(274d) Thermostable Cellulases and Xylanases

Thermostable cellulases and xylanases offer several advantages including greater rates of hydrolysis for lignocellulosic substrates, lowered risk of contamination, and increased flexibility with respect to process design.  We have isolated several thermophilic cellulose- and xylan-degrading cultures belonging to the genera Bacillus, Clostridium, and Geobacillus using soil samples collected from the Homestake Gold Mine, SD and a local compost facility.  One of the isolates, Bacillus sp. (DUSELR13 strain) produced xylanase which had optimum pH and temperature of 7 and 75⁰C, respectively.  Other isolate Geobacillus sp. (WSUCF1 strain) secreted endoglucanase having maximum activity at pH 5 and temperature 70⁰C.  The thermal stability of enzymes secreted by DUSELR13 and WSUCF1 was tested by determining the enzyme activity remaining after incubation of the enzymes at different temperatures (50 -100⁰C) for a period of 40 days.  WSUCF1 endoglucanase showed remarkable residual activity (>50%) after prolonged incubation for 25 days at 60⁰C compared to others reported in literature.  DUSELR13 xylanase retained >50% residual activity after incubation for 35 days at 60⁰C.  The effect of various lignocellulosic feedstocks on the endoglucanase and xylanase secretion by these isolates was also examined.  K_m values for DUSEL R13 xylanase and WSUCF1 endoglucanase were calculated using Lineweaver–Burk plots.  In case of DUSELR13 xylanase, the K_m value with xylan from birchwood was 1.4 mg/ml while for WSUCF1 endoglucanase with carboxymethylcellulose this value was 1.08 mg/ml.

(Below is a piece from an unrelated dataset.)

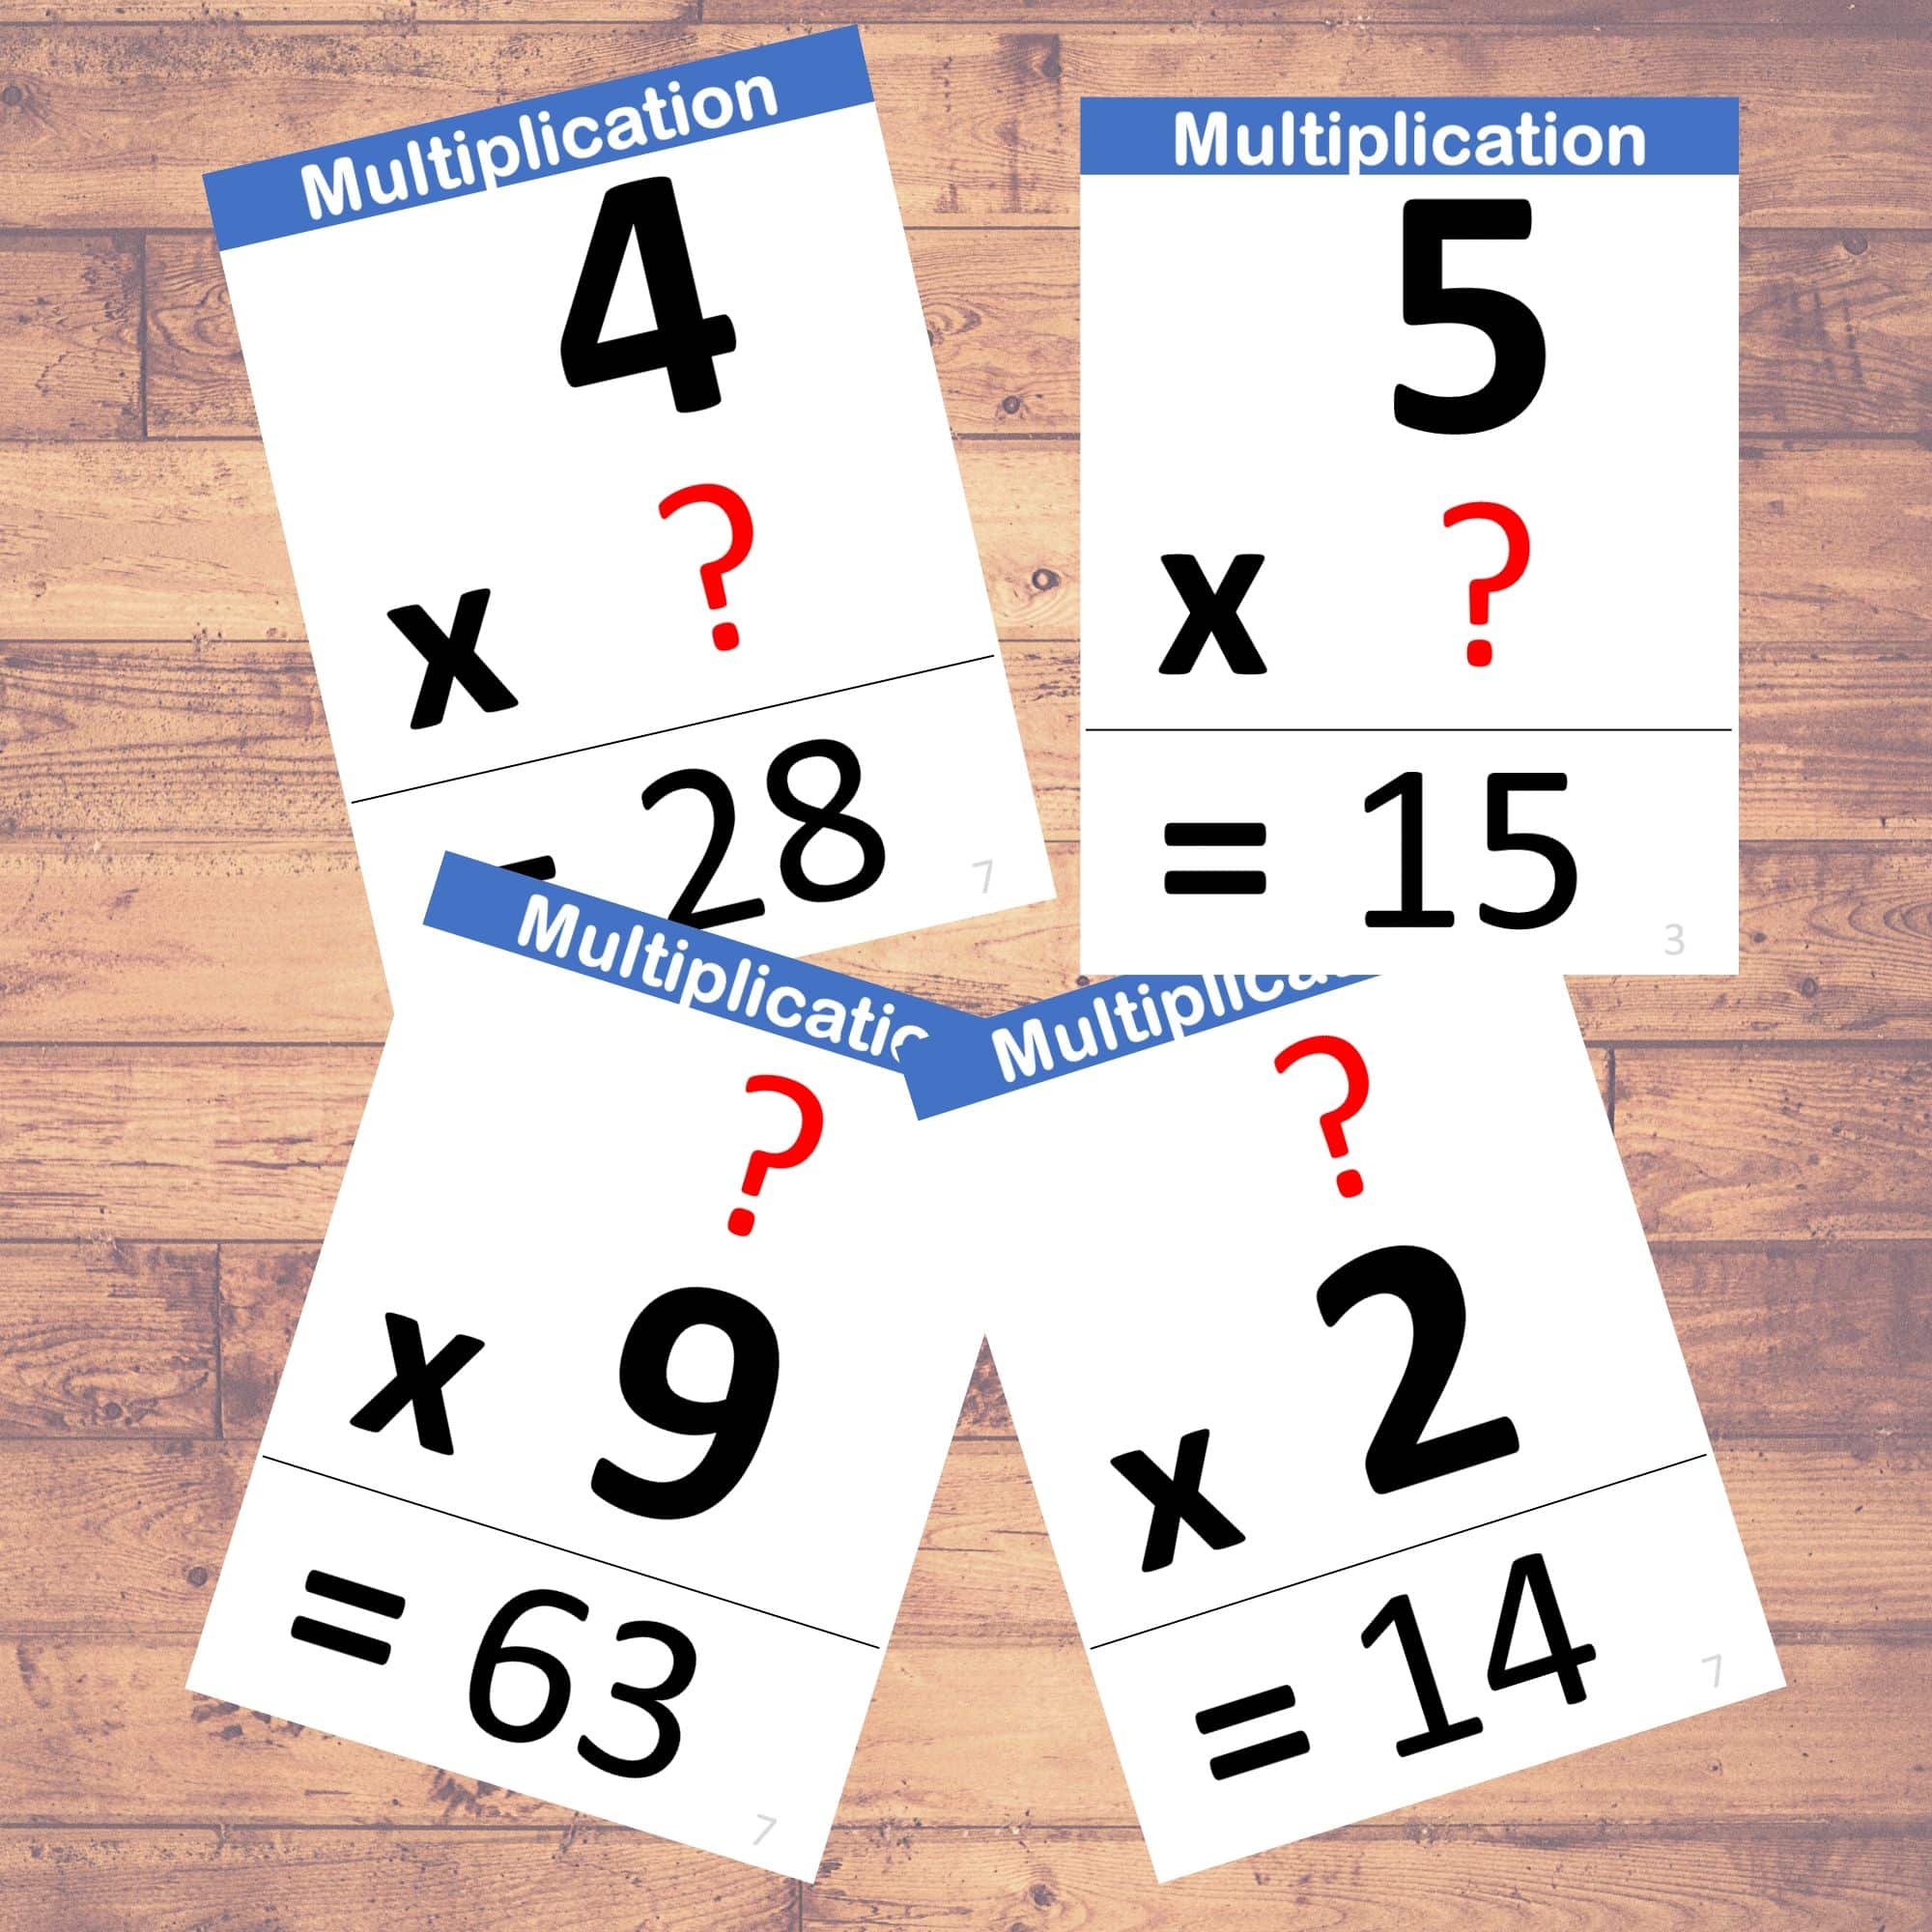 multiplication-problems-flashcards-math-learning-40-cards

These thermostable enzymes were overexpressed extracellularly using E.coli as a heterologous host. Comparison studies were carried out between recombinant enzymes and native enzymes. These thermostable cellulases and xylanases are currently being used to develop a novel cost-effective and more efficient form of the simultaneous saccharification and fermentation process for biorefineries.